How to complete this task: Please copy all of the data that follows exactly, leaving any pictures out.

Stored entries

□ □ □ □ □

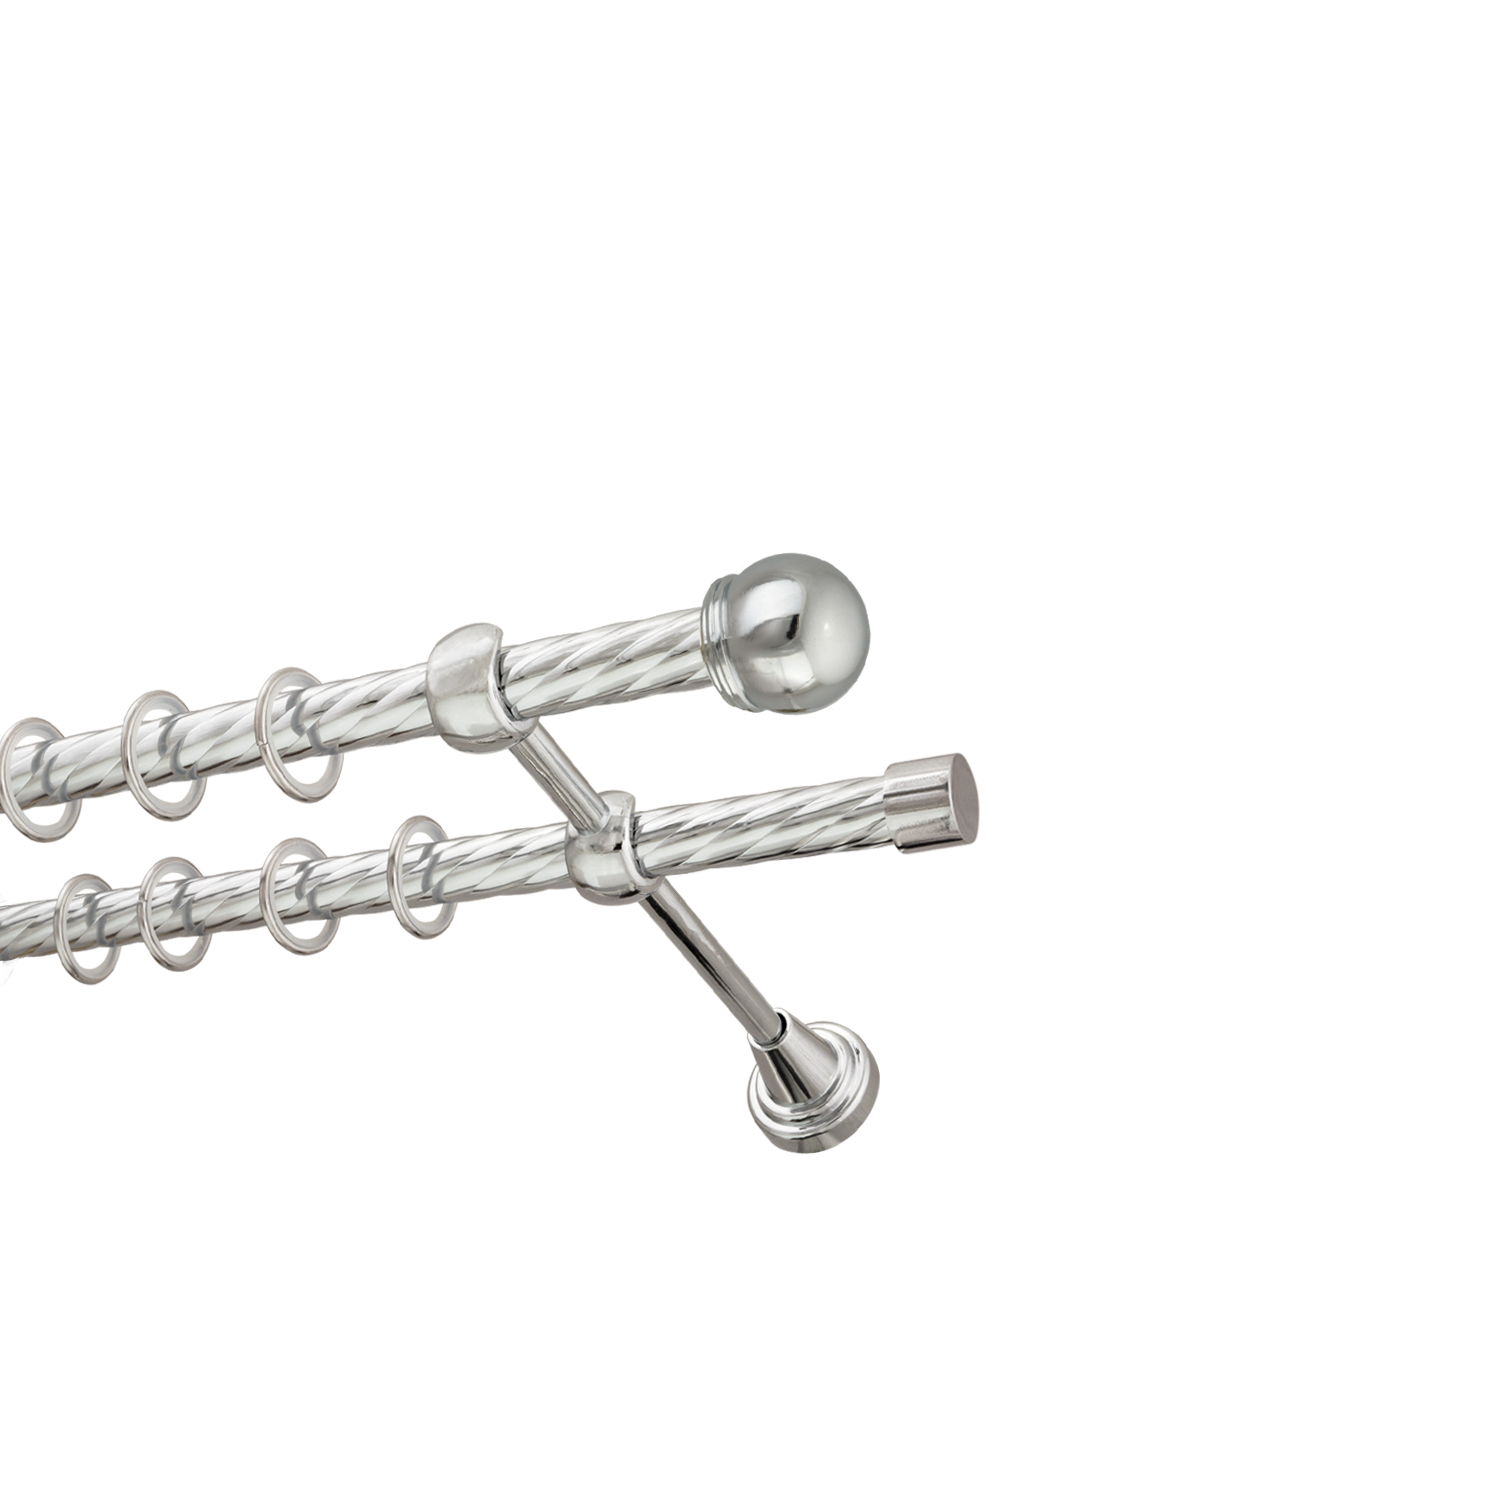 Металлический карниз для штор Вива, двухрядный 16/16 мм, серебро, витая штанга, длина 240 см
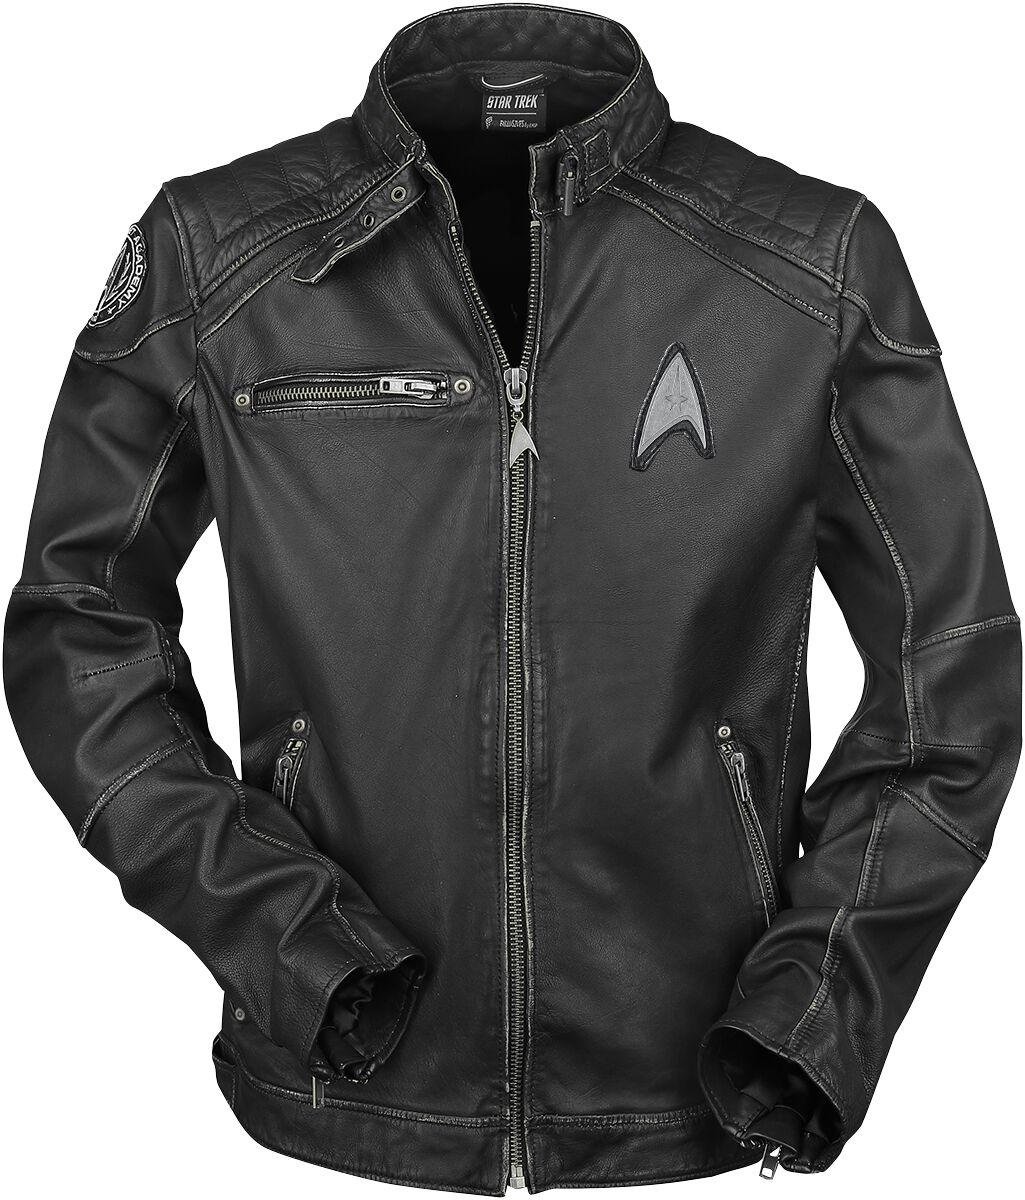 Star Trek Lederjacke - Starship - S bis 3XL - für Männer - Größe XL - schwarz  - EMP exklusives Merchandise! von Star Trek
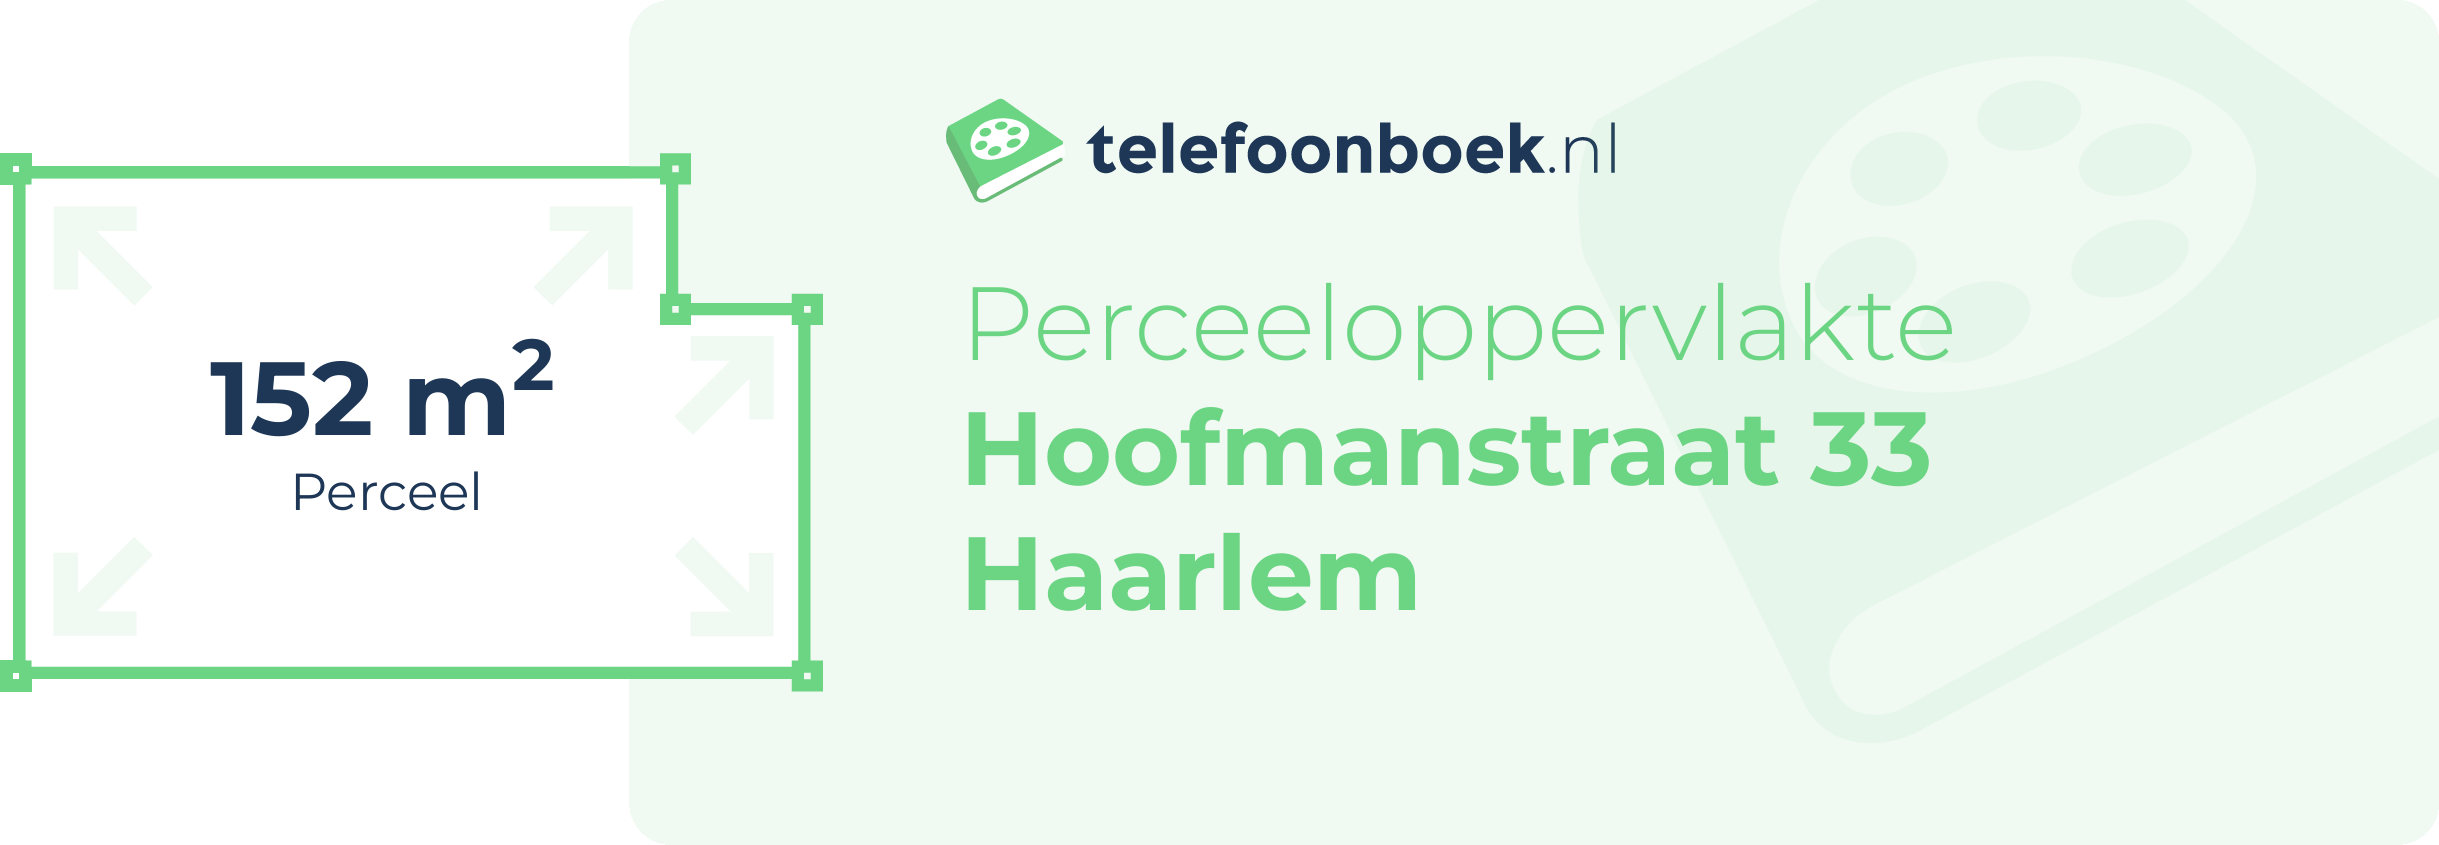 Perceeloppervlakte Hoofmanstraat 33 Haarlem
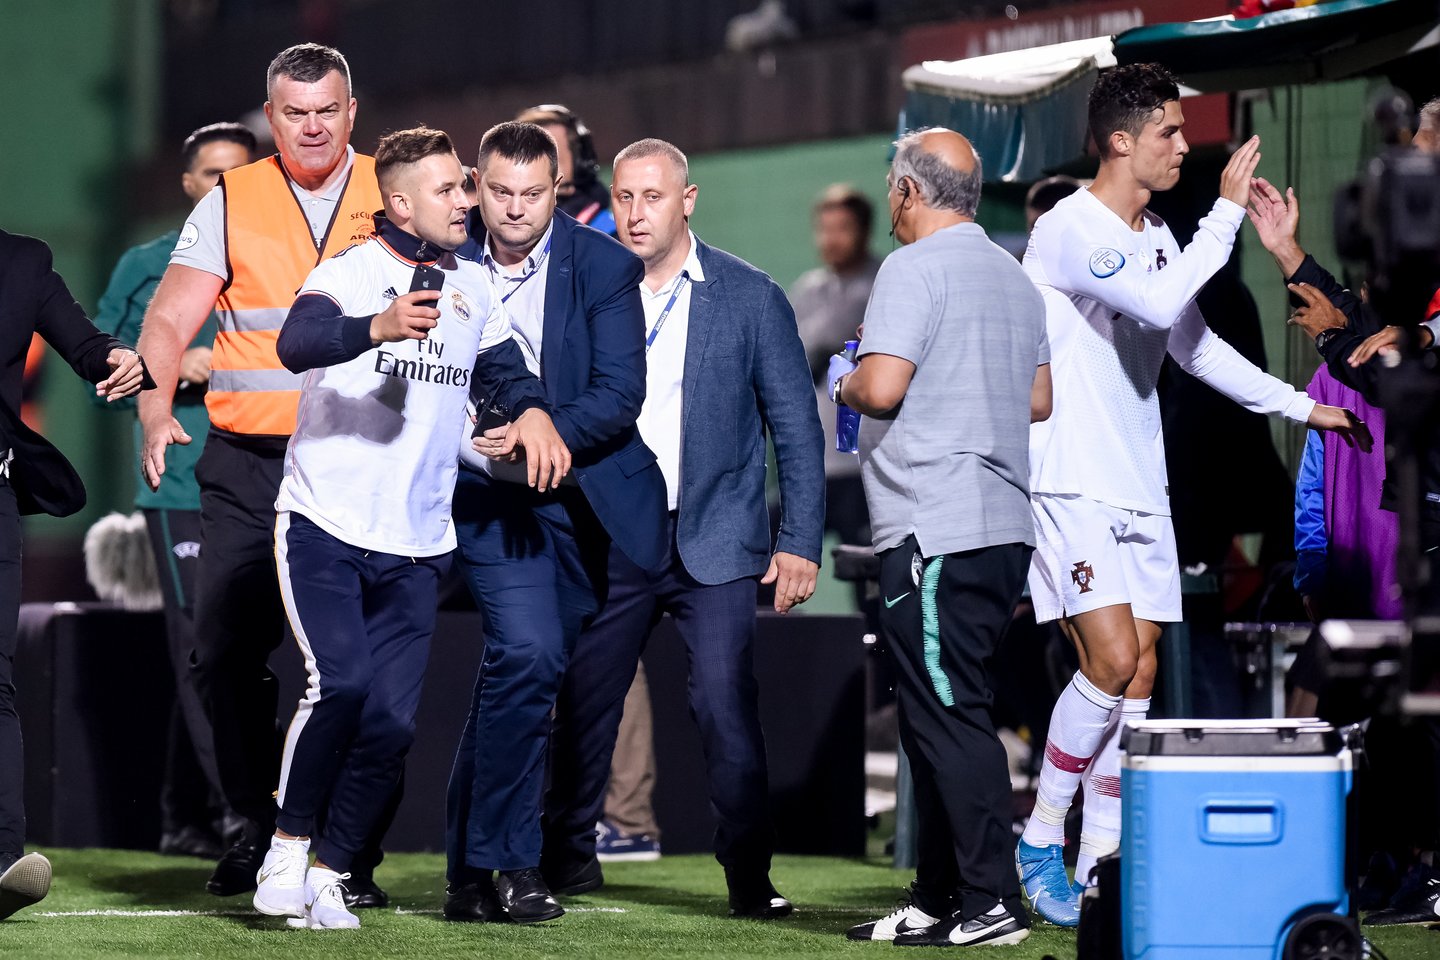 A.Gadeikis, kuris per Lietuvos ir Portugalijos futbolininkų rungtynes Vilniuje rugsėjo 10-ąją įsiveržė į aikštę ir atsiklaupė prieš C.Ronaldo, kartu su mūsų šalies rinktine tuo pačiu užsakytu lėktuvu atskrido į Portugaliją.<br>D.Umbraso nuotr.
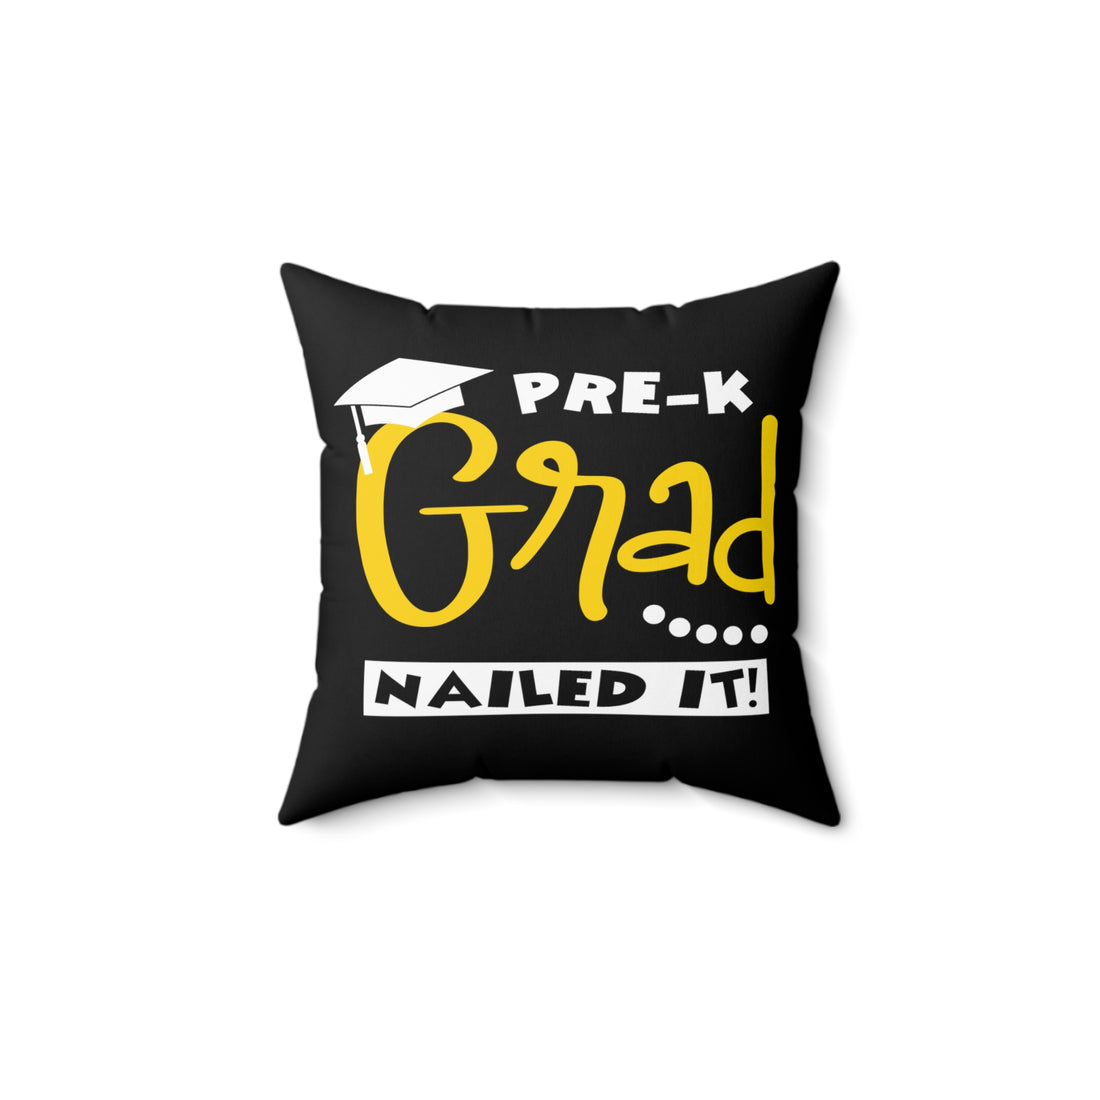 PRE-K Grad, Nailed It - Black Pillow

□ □ □ □ □

Answer box:
 Металлический карниз для штор Вива, двухрядный 16/16 мм, серебро, витая штанга, длина 240 см
 Star Trek Lederjacke - Starship - S bis 3XL - für Männer - Größe XL - schwarz  - EMP exklusives Merchandise! von Star Trek
 Perceeloppervlakte Hoofmanstraat 33 Haarlem
 A.Gadeikis, kuris per Lietuvos ir Portugalijos futbolininkų rungtynes Vilniuje rugsėjo 10-ąją įsiveržė į aikštę ir atsiklaupė prieš C.Ronaldo, kartu su mūsų šalies rinktine tuo pačiu užsakytu lėktuvu atskrido į Portugaliją.<br>D.Umbraso nuotr.
 PRE-K Grad, Nailed It - Black Pillow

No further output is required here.